Aussi je voudrais te dire en cas que tu aies peur d'exécuter le script, ces scripts ne modifient pas les fichiers texte *Excel*, le tri et la suppression des doublons se font en mémoire.


----------



## Pearldiver (24 Septembre 2010)

Bonjour,

Merci infiniment! Je n'ai pas encore testé le 2ème script plus rapide, mais le premier marche déjà à merveille et va très vite (quelques secondes), je suis épatée!
J'ai juste dû changer une petite chose, car je n'avais pas précisé que les fichiers .txt avaient des terminaisons diverses du type .tx1 .tx2 .txA etc..
j'ai juste changé le
-name '*.txt'
par :
-name '*.tx*'
et ça fonctionne

le dossier dans lequel se trouve les tif étant toujours au même endroit sur une serveur et même nom de dossier, je pense changer le (choose folder with prompt "sélectionner le dossier des fichiers .tif") en mettant directement l'alias

j'ai aussi remarqué que le fichier fichiers_manquants.txt se retrouve dans le dossier des .tif
C'est un détail, mais serait-il possible qu'il se retrouve plutôt dans le dossier des fichiers .txt ? (il faudra alors peut-être changer la terminaison du fichiers_manquants.txt pour éviter qu'il soit traité comme les autres .tx*)

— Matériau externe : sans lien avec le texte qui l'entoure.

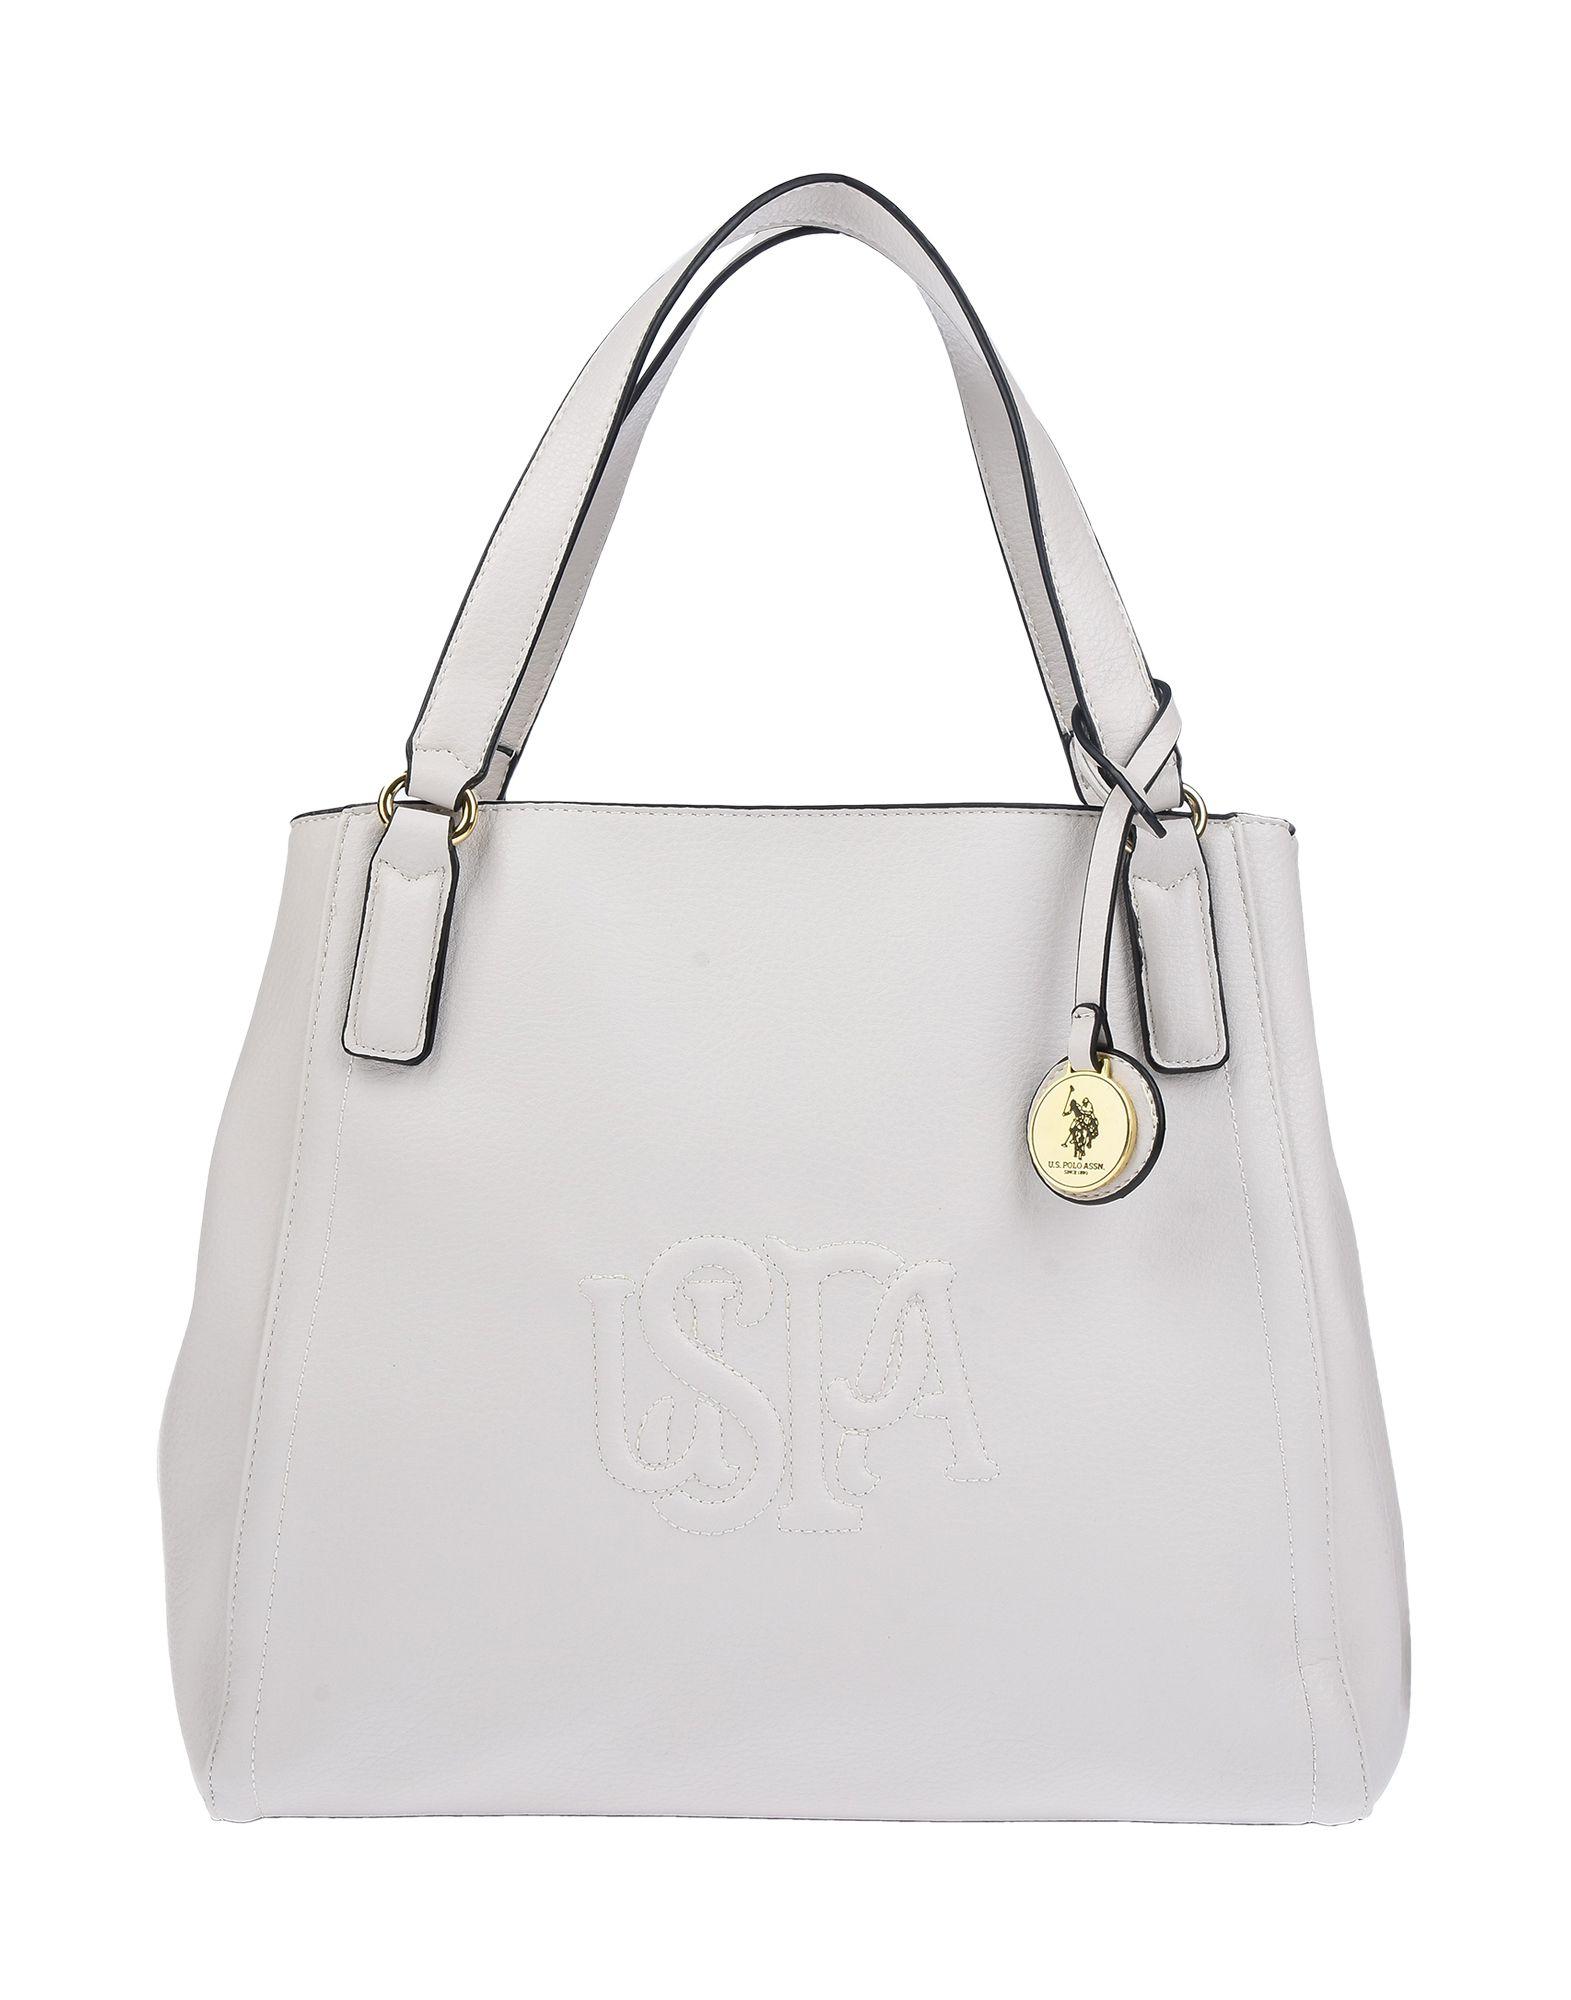 U.S.Polo Assn. Bags - U.S.Polo Assn. Women - YOOX United Kingdom c1615ec52f1c0

je testerai le 2ème script lundi

j'ai bien envie d'aller un peu plus loin: en fait dans l'idéal j'ai une 2ème colonne à contrôler (colonne 74) dans ces mêmes fichiers .tx* 
La grande différence est que le dossier dans lequel il faut faire la recherche dépend de la terminaison:
dossier A1 pour .tx1  .tx3  .tx9
dossier A2 pour .tx2  .tx4  .txA
dossier A3 pour .tx5  .tx8
dossier A4 pour .tx6
dossier A5 pour .tx7 .txB
dossier A6 pour .txC .txD

et donc dans l'idéal avoir par exemple comme fichier final fichiers_manquants :
fichiers manquants dans le fichier 01.tx3
574.tif
975.tif
AA648
BS685

fichiers manquants dans le fichier 02.tx3
846.tif
CG9854

fichiers manquants dans le fichier 03.txA
FR548

Qu'en penses-tu?

(Encore un grand merci pour ton aide!)

Flo


----------



## Anonyme (25 Septembre 2010)

Bonjour,

Correction à faire dans mon dernier script  mettre *tif* au lieu de *jpg* dans le premier do shell script, j'avais testé sur des fichiers JPEG




Pearldiver a dit:


> je pense changer le (choose folder with prompt "sélectionner le dossier des fichiers .tif") en mettant directement l'alias


Oui, c'est mieux, le choose folder  c'était temporaire puisque je ne connais pas le chemin de vos dossiers.





Pearldiver a dit:


> j'ai aussi remarqué que le fichier fichiers_manquants.txt se retrouve dans le dossier des .tif
> C'est un détail, mais serait-il possible qu'il se retrouve plutôt dans le dossier des fichiers .txt ? (il faudra alors peut-être changer la terminaison du fichiers_manquants.txt pour éviter qu'il soit traité comme les autres .tx*)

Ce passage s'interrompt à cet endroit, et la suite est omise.